There have been many reports of the transcriptional profiling of estrogen responses in breast cancer cell lines in vitro, including those in MCF-7 [8, 9], T47D [27] and ZR75.1 [28] breast cancer cell lines and their derivatives [29, 30], as well as those using model systems in experimental animals [31, 32]. These studies identified many hundreds of genes that were upregulated and downregulated by estrogen treatments. Computational and experimental attempts have also been made to integrate these data and catalogue all of the estrogen-responsive genes and estrogen response elements in the genome [18, 33]. Many of the genes upregulated by estrogen in vitro were downregulated by AI treatment in our study including the majority of classically estrogen-responsive genes (TFF1, TFF3, CYP2B6, PDZK1, and AGR2). TFF1 (pS2) is one of the best characterized estrogen-responsive genes in breast cancer [8, 3436]. CYP2B6 is dramatically upregulated by estrogen in ZR75.1 cells, although it is not expressed in MCF-7 cells [37]. PDZK1 has consistently been identified as one of the genes most highly upregulated by oestradiol in MCF-7 cells [8, 9]. AGR2 is another classically estrogen-responsive gene that is expressed in both cell lines and ER-positive breast tumours [38] and that has been associated with a poor response to hormonal therapy [39]. One of the genes that we found to be significantly downregulated by AIs was that encoding aromatase itself (CYP19A1). This finding supports earlier evidence of a positive autocrine feedback loop [40].
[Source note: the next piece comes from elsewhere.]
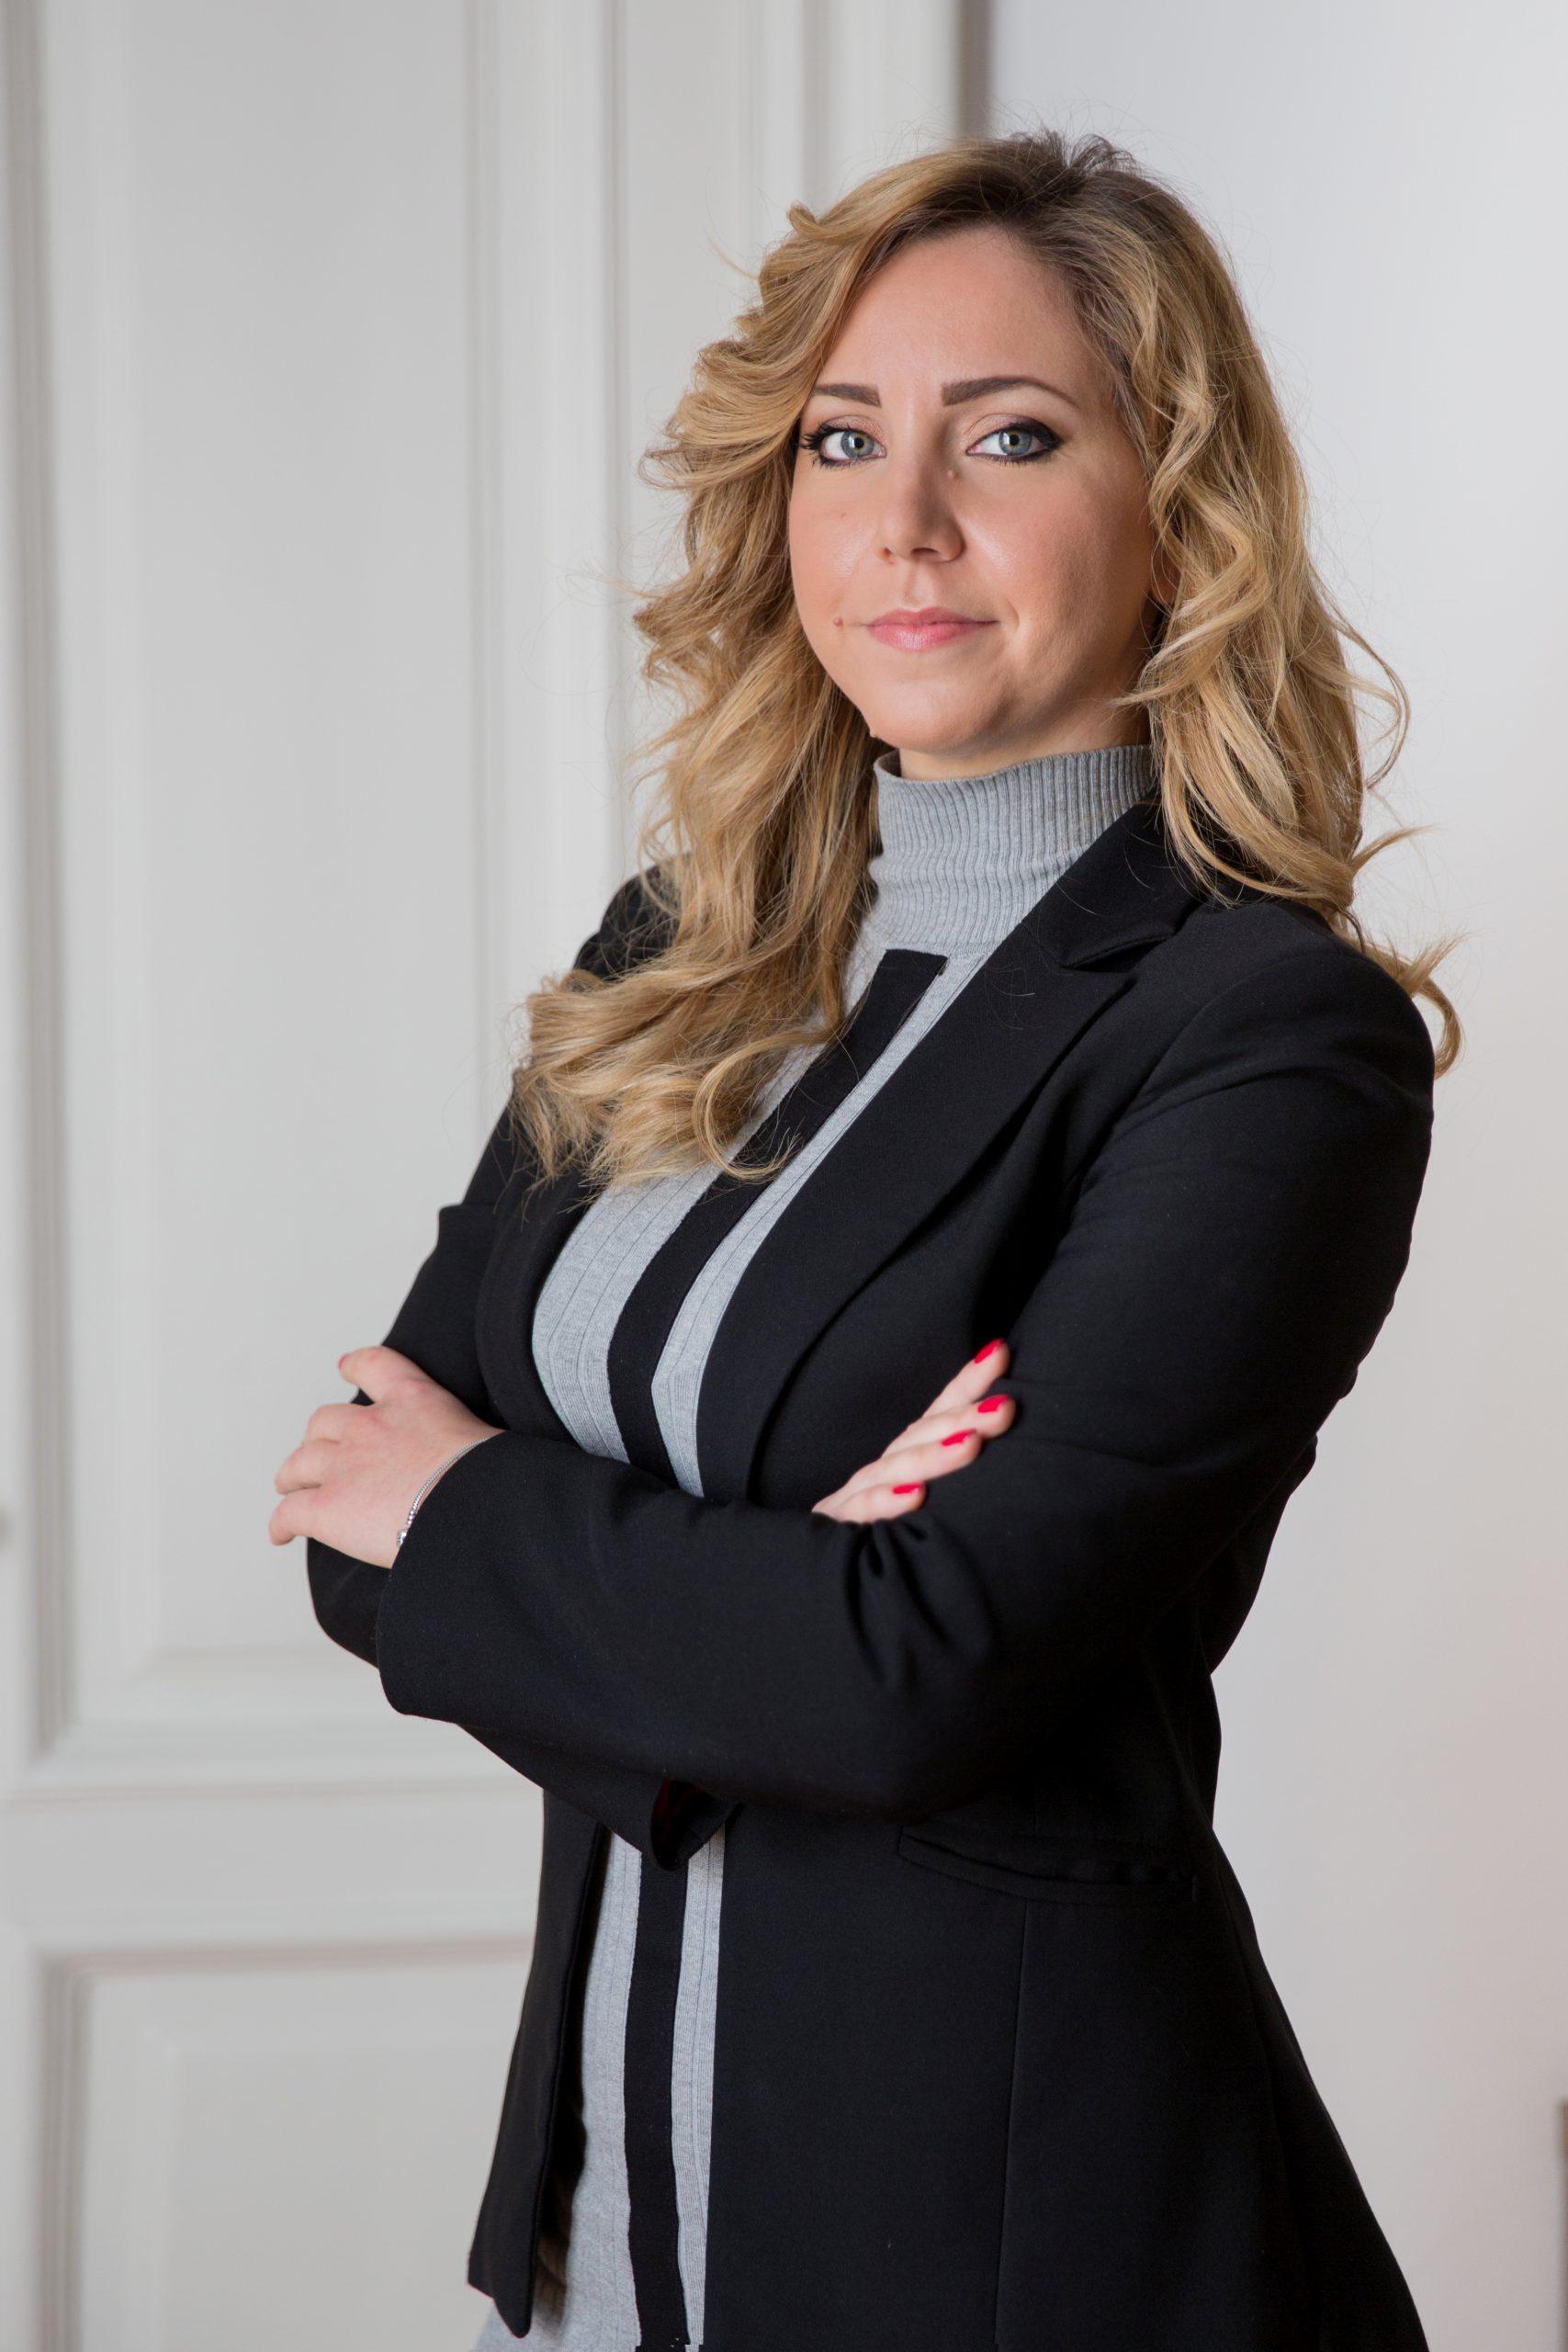 Samantha Pinna

In contrast to the genes downregulated by AI treatment, the upregulated genes are not represented by those that are directly downregulated by estrogen in cell lines in vitro. Gene Ontology analysis of the upregulated genes identified pathways involved with the regulation of the actin cytoskeleton, cytokine-receptor interactions and focal adhesion to be more commonly associated with the functions of stromal components than of epithelial cells (VIM, CTGF, FN1, and SPARC). The genes most highly upregulated by AI treatment include several members of the of the small leucine-rich proteoglycan family (LUM, ASPN, and DCN), which regulate matrix remodelling. Lumican is not expressed in cancer cells in breast cancers but in fibroblasts, and it is associated with high tumour grade, low ER levels and young age [41]. Decorin is preferentially expressed in stromal areas in proliferating endometrium, is directly upregulated by estrogens in stromal endometrial cells in vitro [42] and is upregulated in mouse uterus by estrogen treatment [43]. Asporin is closely related to biglycan, which has been shown to be downregulated by estrogen in the stroma of normal human breast tissue in a mouse xenograft model [32]. The effect of this stromal signature on patient survival is unclear but reduced small leucine-rich proteoglycan family expression has been observed in poor prognosis ER-negative breast cancer [44].
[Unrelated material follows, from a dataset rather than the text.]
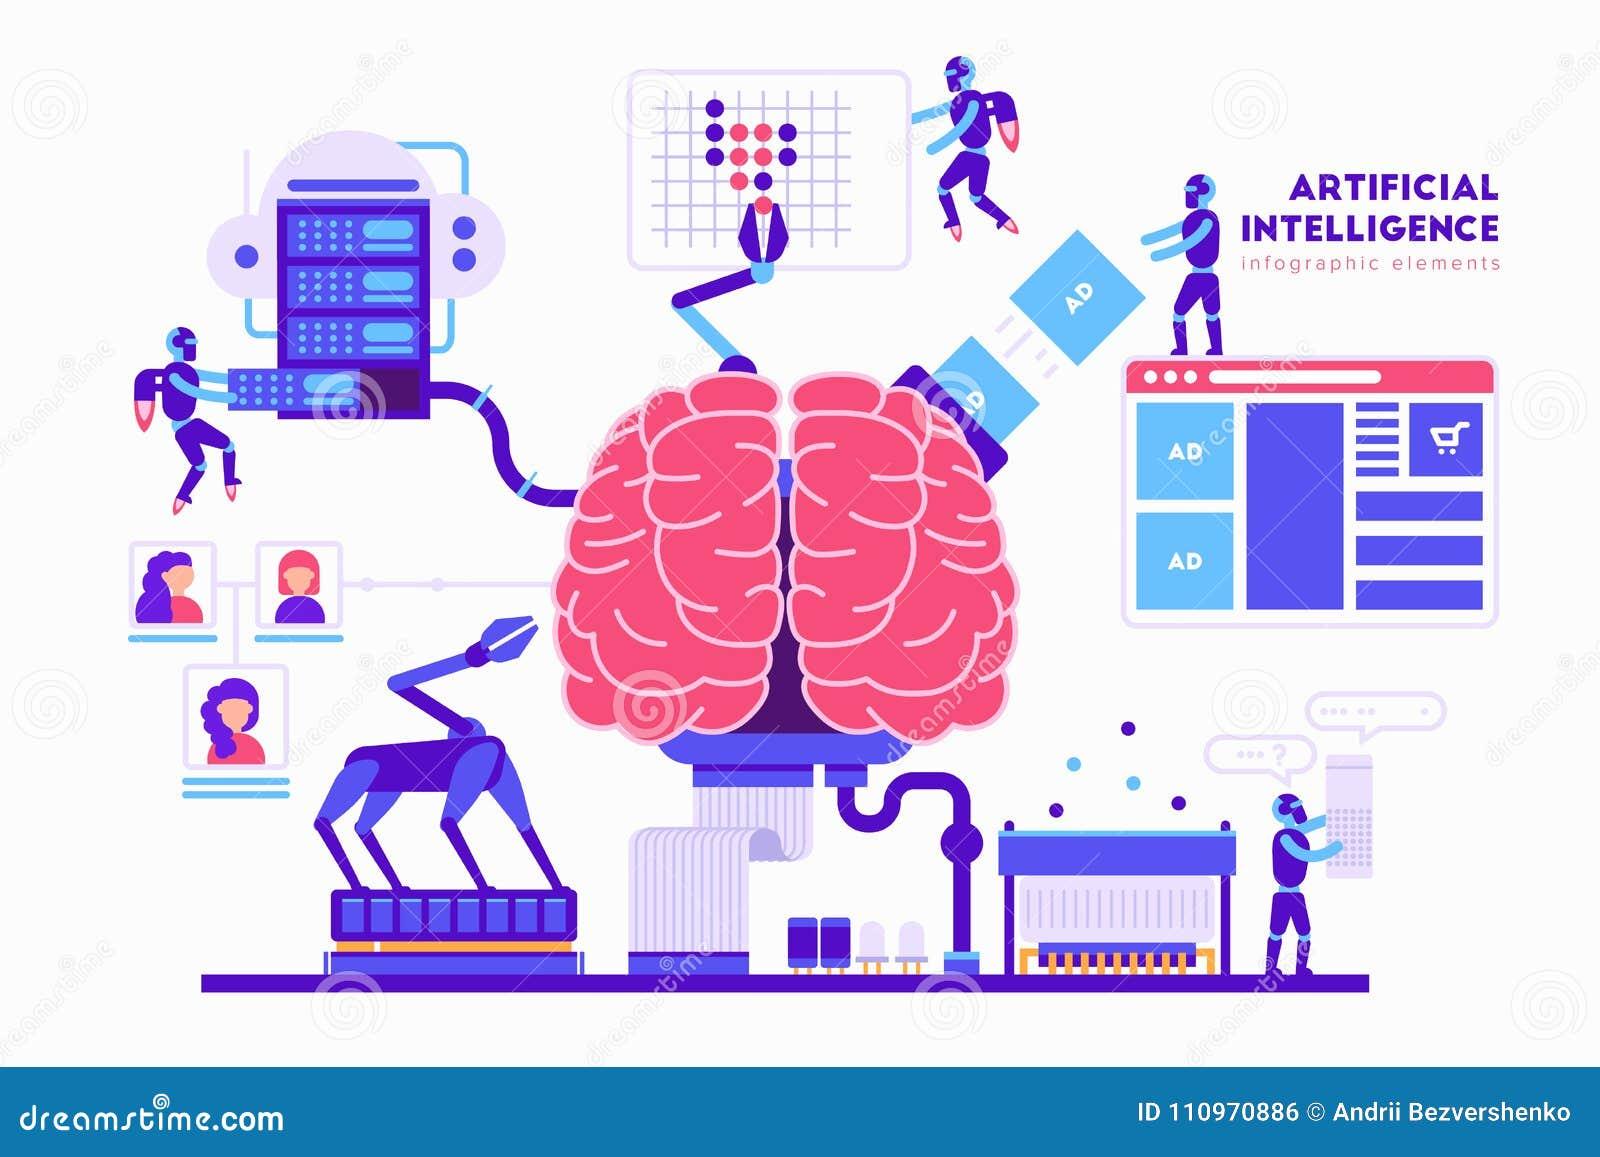 Иллюстрация вектора искусственного интеллекта в плоском дизайне Мозг, роботы, компьютер, хранение облака, серверы, robohand

There are several possible mechanisms for this upregulation of a stromal signature clearing response to AI treatment. It was notable that the genes representing this stromal signature were upregulated independent of high level ER-α expression in tumour cells. It is possible that upregulation may result from an interaction with stromally expressed ER-β [45]. For example, CD36 has been shown to be directly upregulated by estrogen via ER-β [46], and both lumican and PDGFRA were induced by the selective ER modulator raloxifene in U2OS cells transfected with ER-β [30]. Among the other genes upregulated by AI treatment in the present study are genes representative of the normal profiles of luminal and myoepithelial phenotypes [47, 48] that are not driven by high-level ER over-expression, including RARRES1, MME, TCF4, SFN, and CAV1. This represents a joint upregulation in post-treatment biopsies of a basal/stromal phenotype, which has also been shown in estrogen treatments of normal human breast tissue in xenograft studies [32].
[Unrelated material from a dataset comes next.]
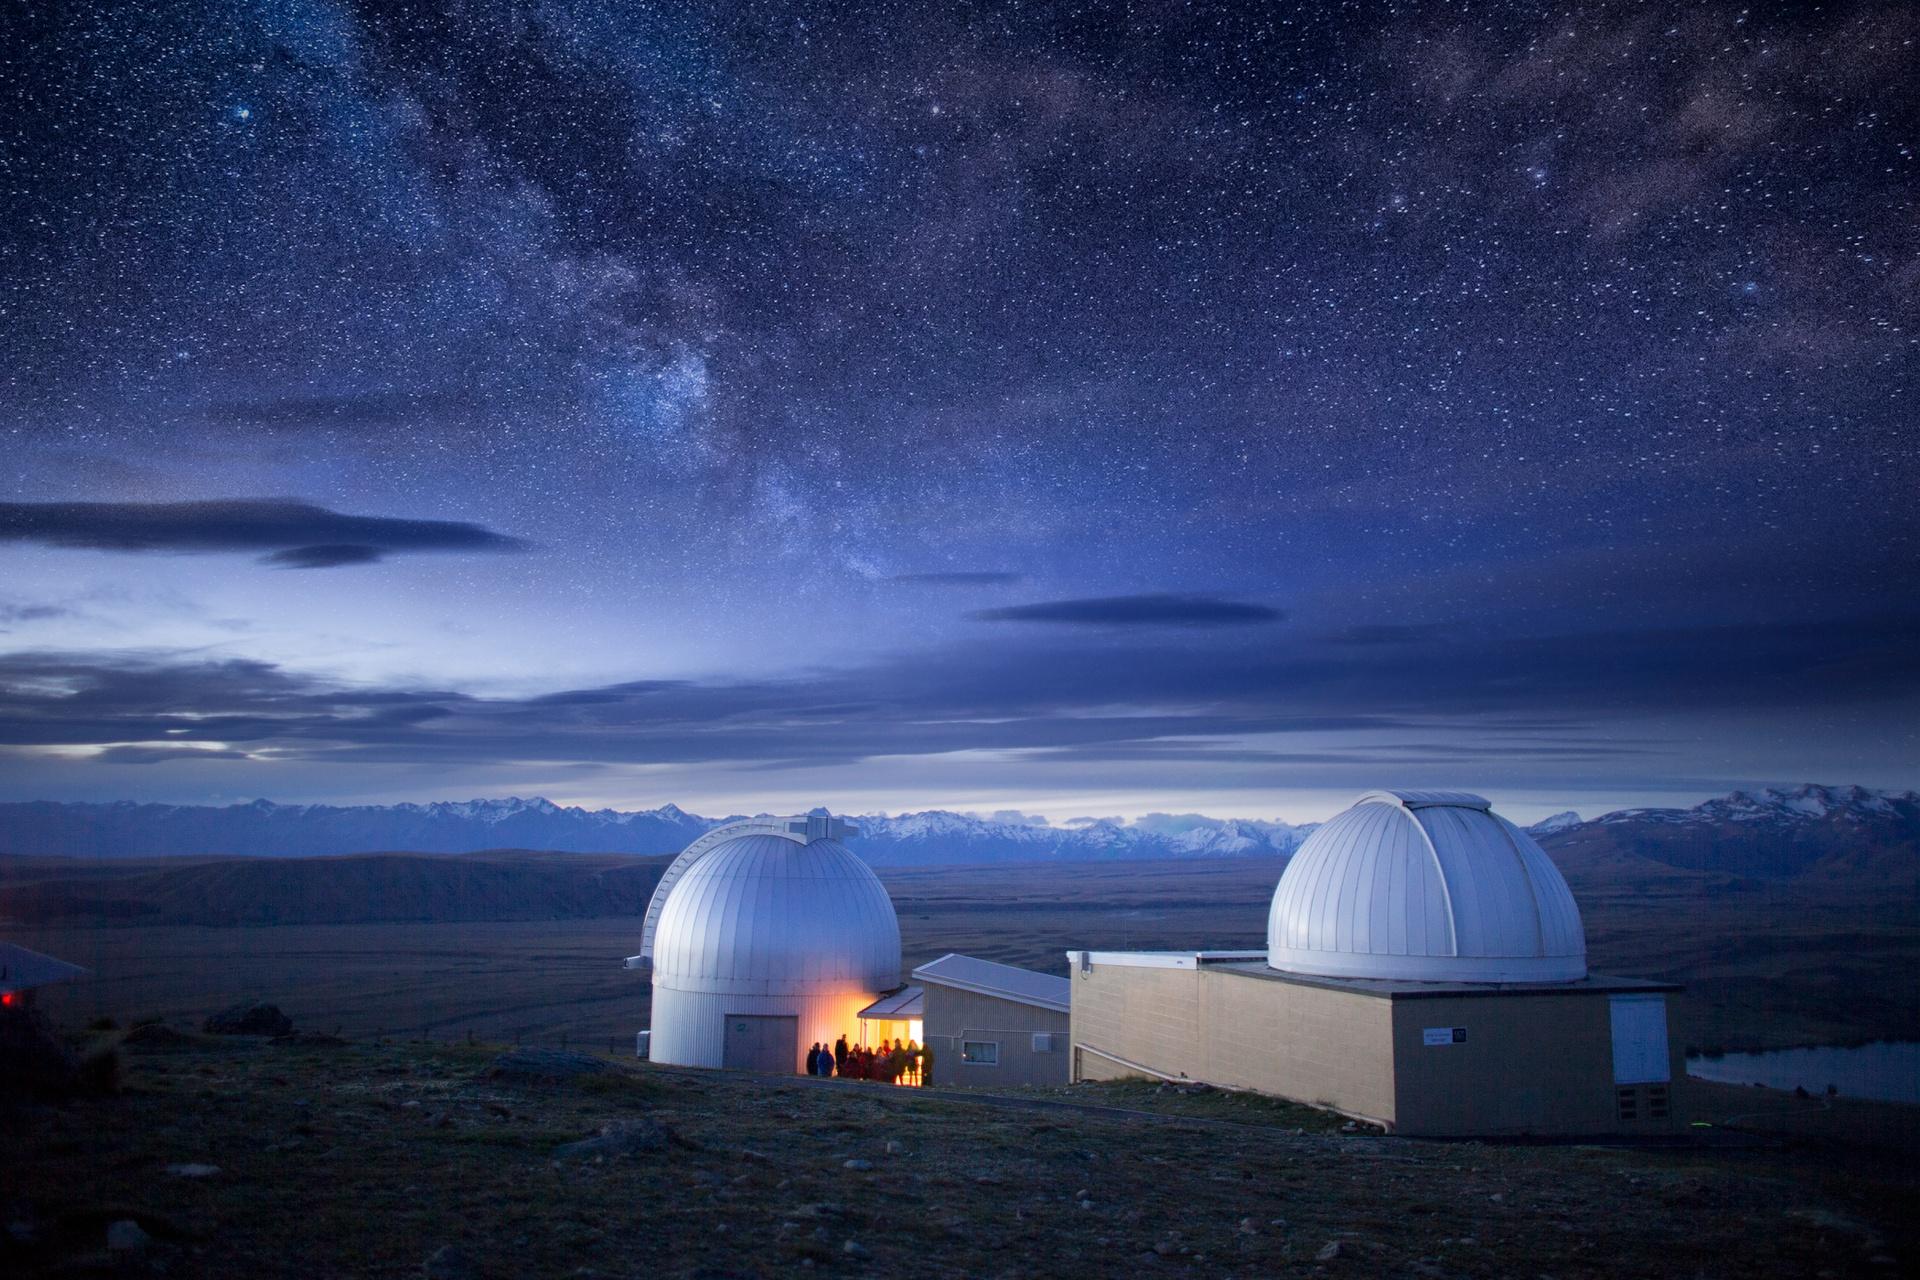 Lake Tekapō observatory, New Zealand (image care of Tourism New Zealand).

Taken together, these findings highlight the fact that studies identifying estrogen-responsive genes in cell lines do not take into account the diversity of responsiveness, composition and genetic backgrounds seen in primary ER-positive breast tumours. Although many of the gene changes are likely to be directly transcriptionally regulated by estrogen, it is also likely that the majority are a secondary consequence of estrogen deprivation and the resulting inhibition of breast tumour proliferation by AI treatment. Recently, Oh and coworkers [38] have attempted to integrate data on estrogen responsiveness in MCF-7 cells in vitro with gene expression and clinical outcome data from 65 ER-positive and/or PgR-positive breast cancer patients to predict outcome for hormone responsive breast cancer. The study used only the 383 genes that were upregulated by estrogen treatment in this single cell line but, a very high dose (1 μmol/l) of oestradiol was used and dosage differences have been suggested to compromise comparisons of transcriptional signatures [49]. The identification of a comprehensive profile of estrogen-responsive genes in tumours deprived of estrogen in vivo may be expected to provide a much better basis on which to classify the estrogen response of breast tumours than in vitro studies.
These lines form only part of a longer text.